Pink Floyd – The Wall (1979)

“Ik vind het altijd lastig te kiezen en om een top drie te maken. Ik ben maar voor een trip down memory lane gegaan, in chronologische volgorde. En dan beginnen we hier. Dit is misschien wel de eerste muziek die ik ooit heb gehoord. Mijn vader was zwaar Pink Floyd fan, dus het stond bij ons altijd aan. Zo ben ik zelf ook Pink Floyd fan geworden en heb heel veel herinneringen aan zijn muziek. Deze plaat heeft me muzikaal ook wel gevormd, denk ik. Door deze plaat ben ik meer soortgelijke, oudere rock muziek gaan luisteren, zoals Led Zeppelin en Dire Straits. Het heeft me warm gemaakt om meer naar muziek te luisteren. De teksten zijn heel bijzonder en ik ben ook wel geïnspireerd geraakt door de baslijnen van de basgitarist. Roger Waters gebruikte bepaalde effecten die ik ook ben gaan gebruiken.”
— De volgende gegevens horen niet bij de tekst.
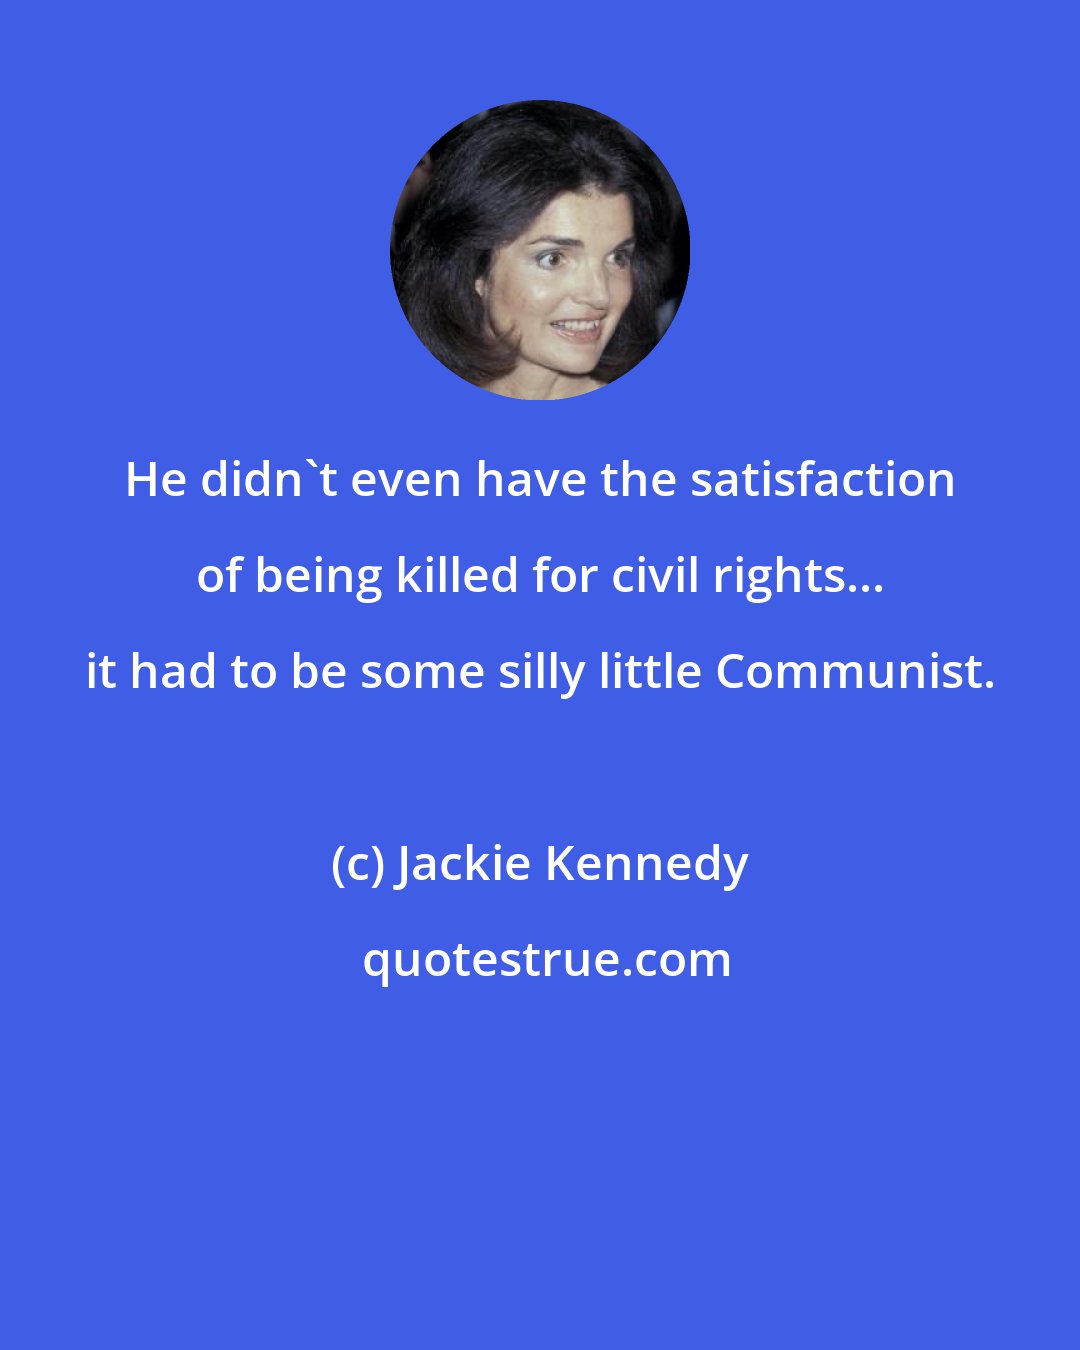 Jackie Kennedy: He didn't even have the satisfaction of being killed for civil rights... it had to be some silly little Communist.

Arctic Monkeys – Humbug (2008)

“Ik was een jaar of veertien en ja, toen ontdekte ik de Arctic Monkeys. Dit is de tweede band waar ik fan-boy van werd. Alle nummers van Arctic Monkeys heb ik grijs gedraaid, ook de B-sides. Door deze band wilde ik zelf ook in een band gaan spelen. Ik zag de filmpjes op internet en dan zie je ze heel cool in van die leren jasjes optreden, terwijl het echt nog van die guppies zijn. Toen dacht ik: ‘ja, dat is echt cool, dat wil ik ook.’ Daardoor ben ik meer muziek gaan maken en meer in bandjes gaan spelen. Ook door deze plaat ben ik erg geïnspireerd en net als met Pink Floyd heb ik veel geleerd van de effecten die ze gebruiken.

De Staat – O (2014)

“Ik was een jaar of 17, 18 toen ik naar De Staat ben gaan luisteren. Ik vond het met name zo vet omdat de band gewoon Nederlands is. De Staat maakt best wel ruige muziek en door deze band realiseerde ik me dat je met ruigere muziek ook best bekend kan worden. De hele vibe die de band heeft qua geluid is heel vet. De band heeft echt een hele eigen stempel gedrukt op zijn werk, je weet wanneer het van De Staat is. Het heeft ook een cynische vrolijkheid. Het is raar maar zo gruwelijk vet, beetje pop zonder ‘pop’ te zijn. Dat dit kan in Nederland, en met deze muziek, dat vind ik echt te gek. De baspartijen van Job van Summeren zijn echt bizar. Ik ken eigenlijk geen andere basgitarist die dat soort sounds gebruikt. Als je naar zijn pedal board kijkt, die is echt zo groot, dat intrigeert me behoorlijk. Door hem ben ik ook gaan ontdekken: zo kan een basgitaar ook klinken.”